Open Collector Fields used in JQ parsing

The following tables list Open Collector fields used in JQ parsing.

Open Collector Special Fields

Field Name	Description
.output.beatname	Field is required for Open Collector logs to work with the SIEM.
.output.device_type	Field used in log source type virtualization, this should be assigned.
.output.fullyqualifiedbeatname	Field used in log source type virtualization. Can divide log sources by FQBN in the SIEM.
.output.normal_msg_date	Field used for assigning a timestamp. If unassigned, current date/time is used.

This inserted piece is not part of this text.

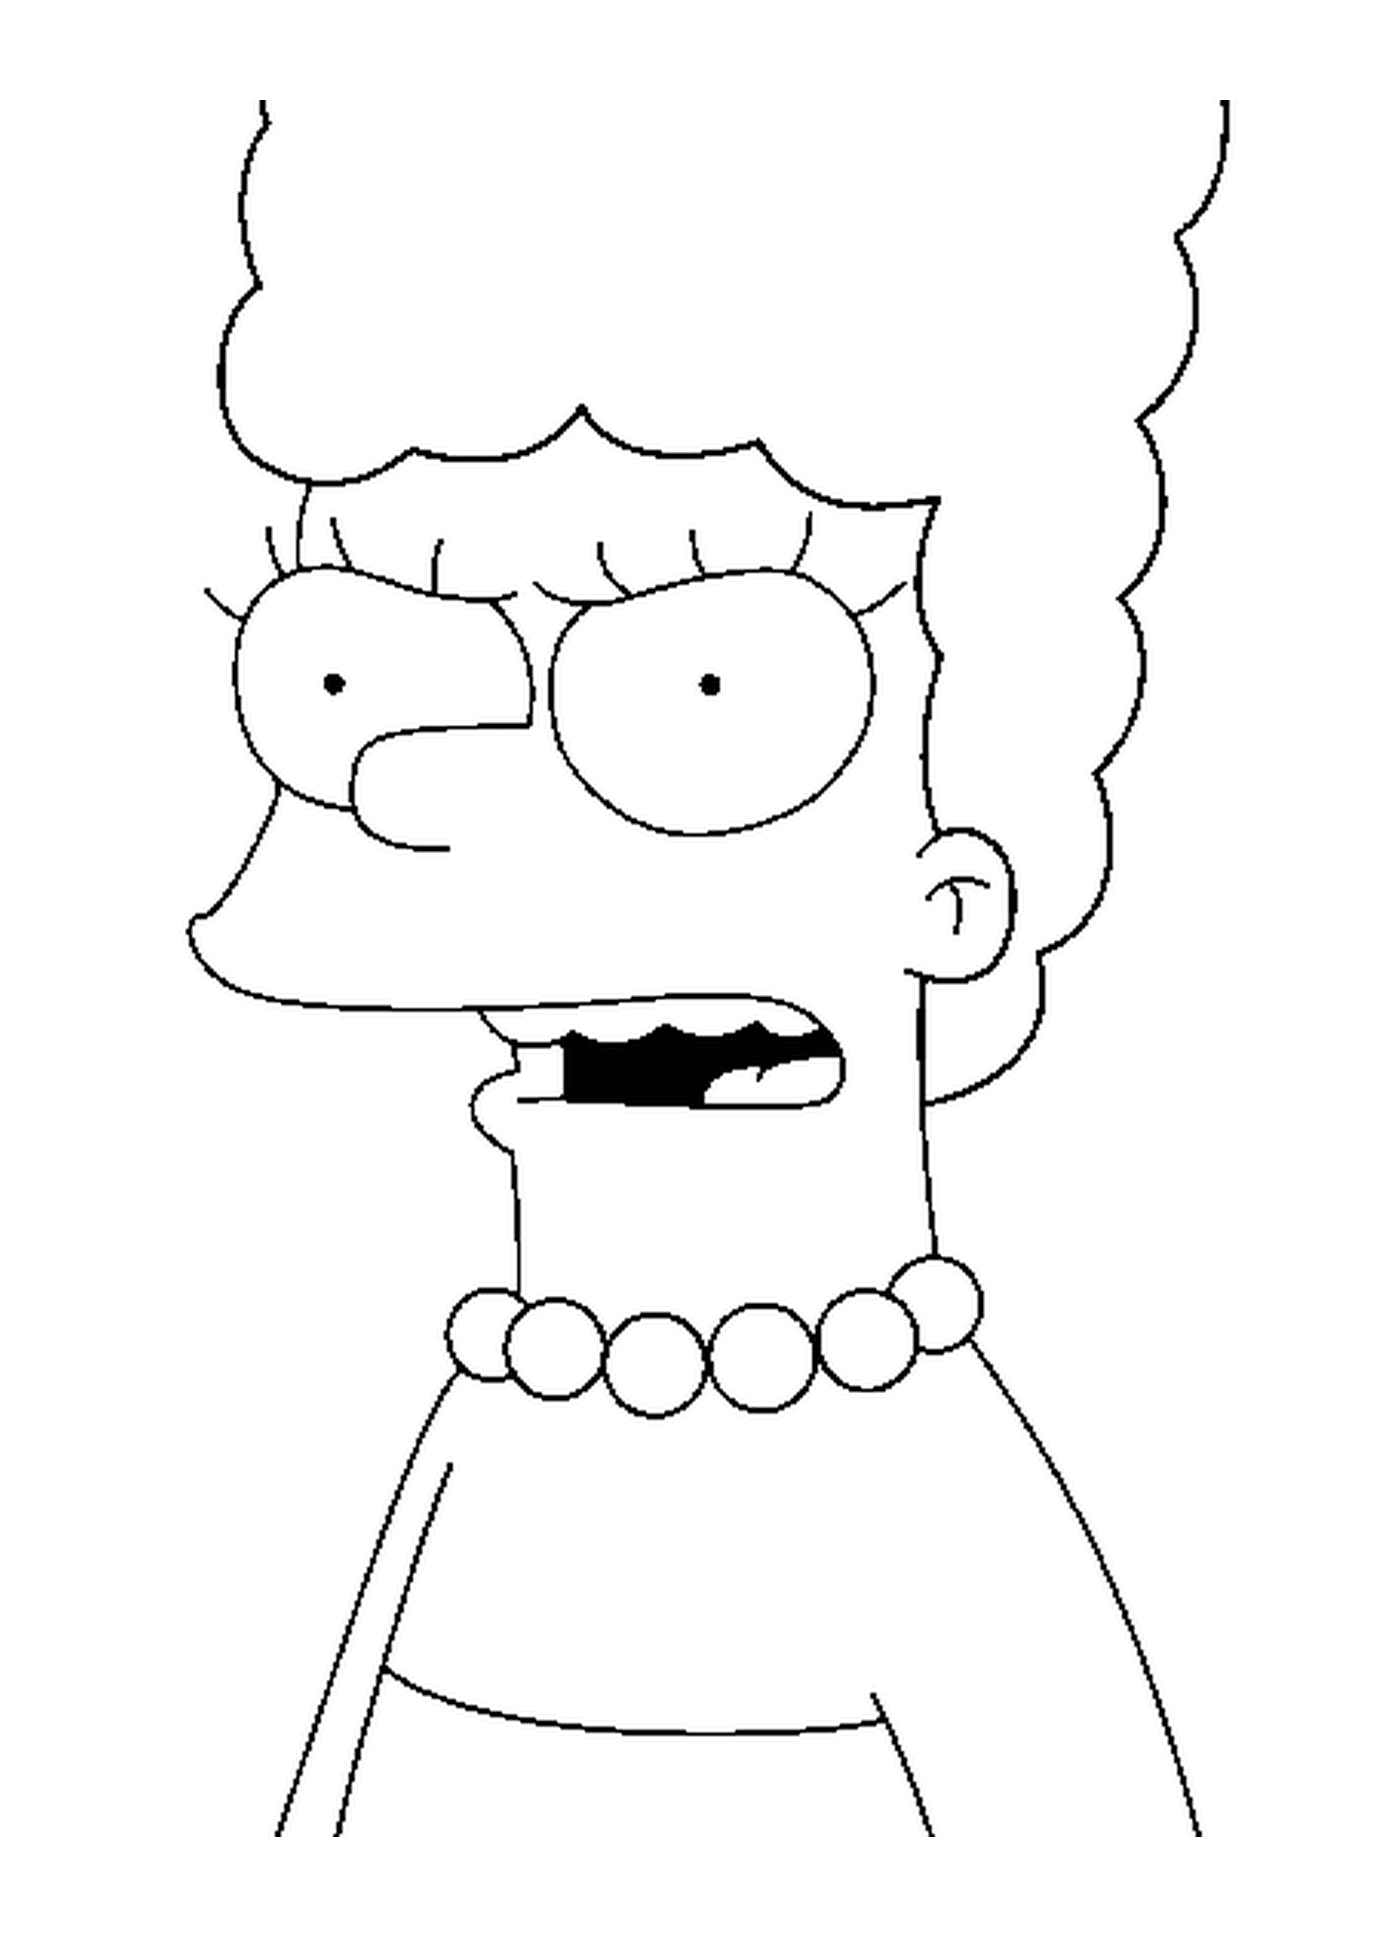  Marge macht große Augen 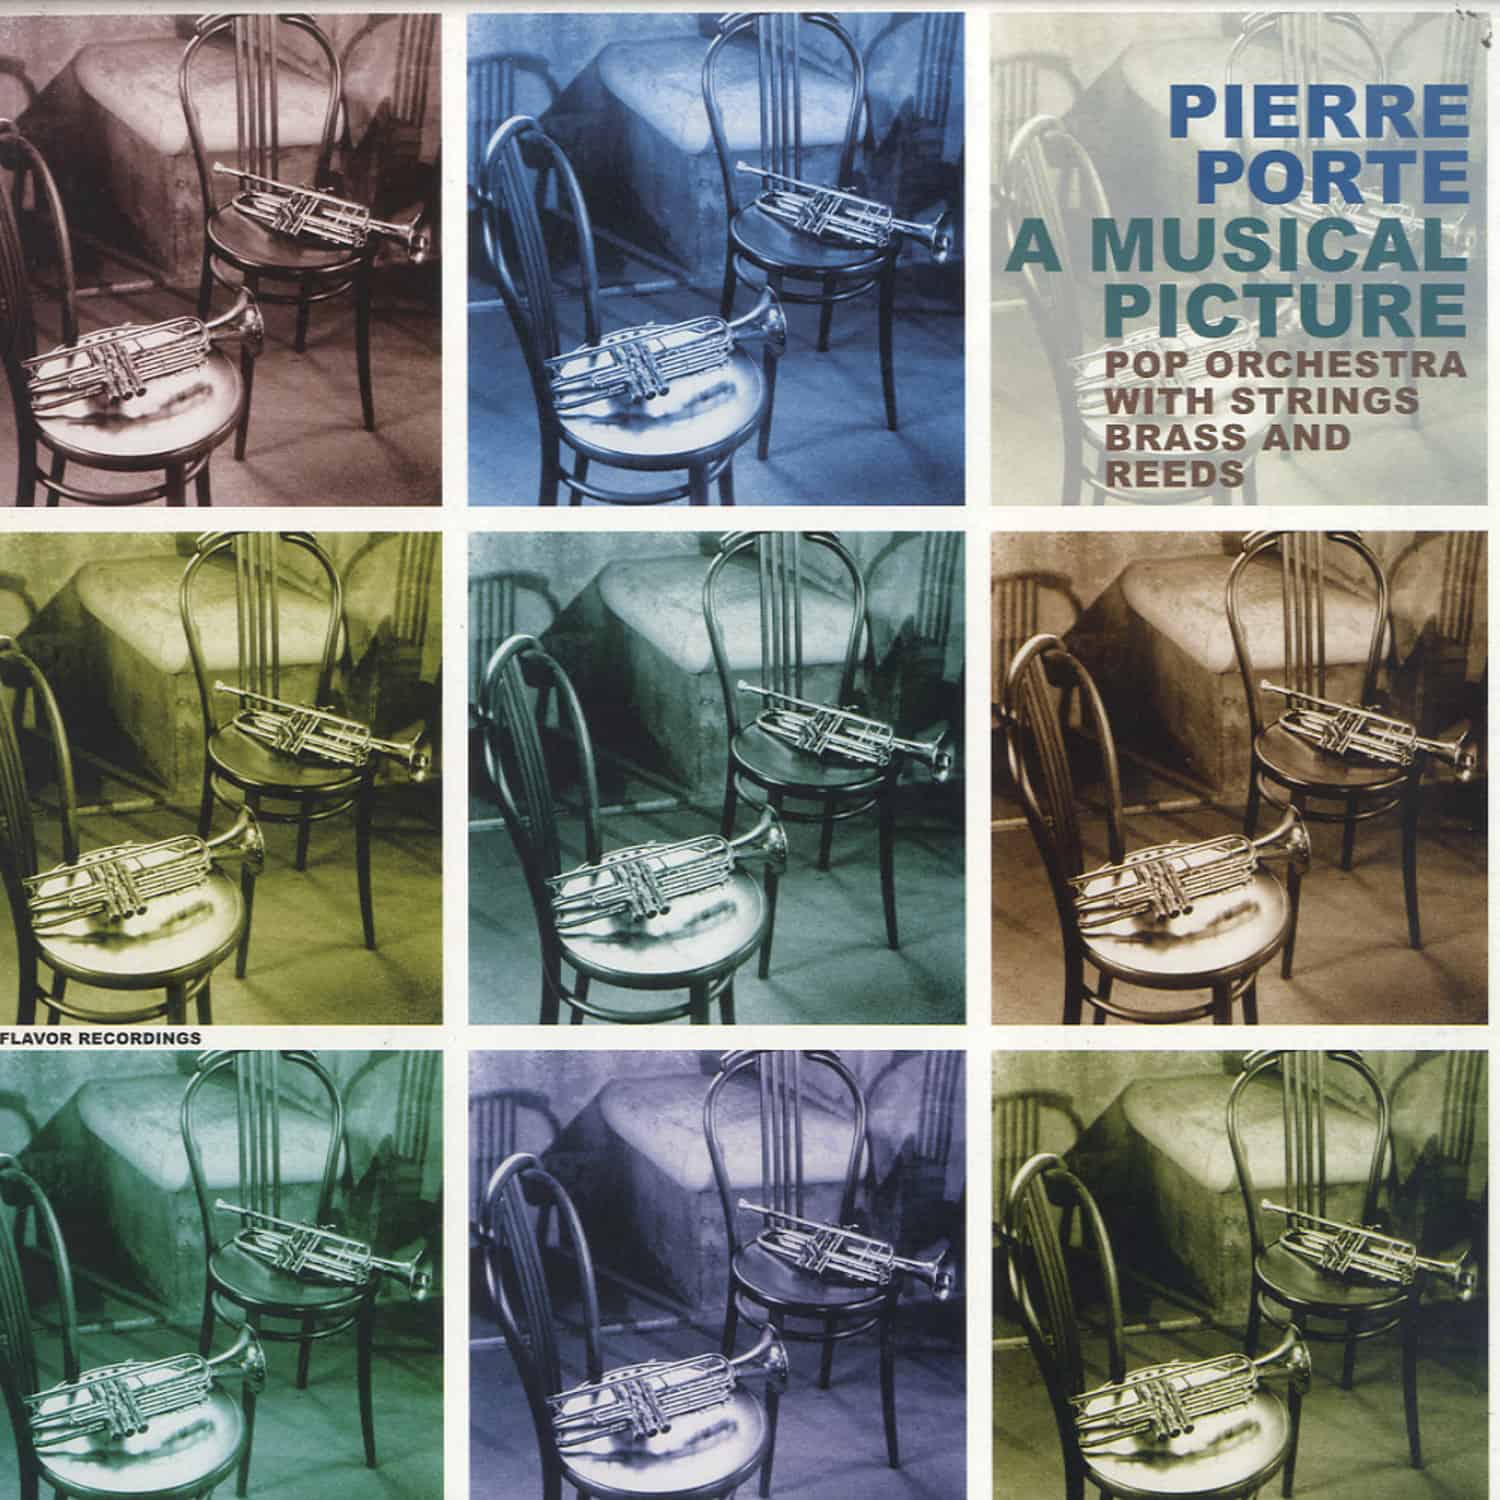 Pierre Porte - A MUSICAL PICTURE

Open Collector LogRhythm Metadata Field List

.output.time
.output.object
.output.objectname
.output.objecttype
.output.hash
.output.policy
.output.result
.output.url
.output.useragent
.output.responsecode
.output.subject
.output.version
.output.command
.output.reason
.output.action
.output.status
.output.sessiontype
.output.process
.output.processid
.output.parentprocessid
.output.parentprocessname
.output.parentprocesspath
.output.quantity
.output.amount
.output.size

.output.rate
.output.minutes
.output.seconds
.output.milliseconds
.output.session
.output.kilobytesin
.output.kilobytesout
.output.kilobytes
.output.packetsin
.output.packetsout
.output.severity
.output.vmid
.output.vendorinfo
.output.threatname
.output.threatid
.output.cve
.output.smac
.output.dmac
.output.sinterface
.output.dinterface
.output.sip
.output.dip
.output.snatip
.output.dnatip
.output.sname

.output.dname
.output.serialnumber
.output.login
.output.account
.output.sender
.output.recipient
.output.group
.output.domainimpacted
.output.domainorigin
.output.protnum
.output.protname
.output.sport
.output.dport
.output.snatport
.output.dnatport
.output.tag1
.output.tag2
.output.tag3
.output.tag4
.output.tag5
.output.tag6
.output.tag7
.output.tag8
.output.tag9
.output.tag10

Flatten an Array for Parsing

If the json log message contains arrays that contain data that is needed for parsing, you must "fan" out the data into a new log message for each data element in the array.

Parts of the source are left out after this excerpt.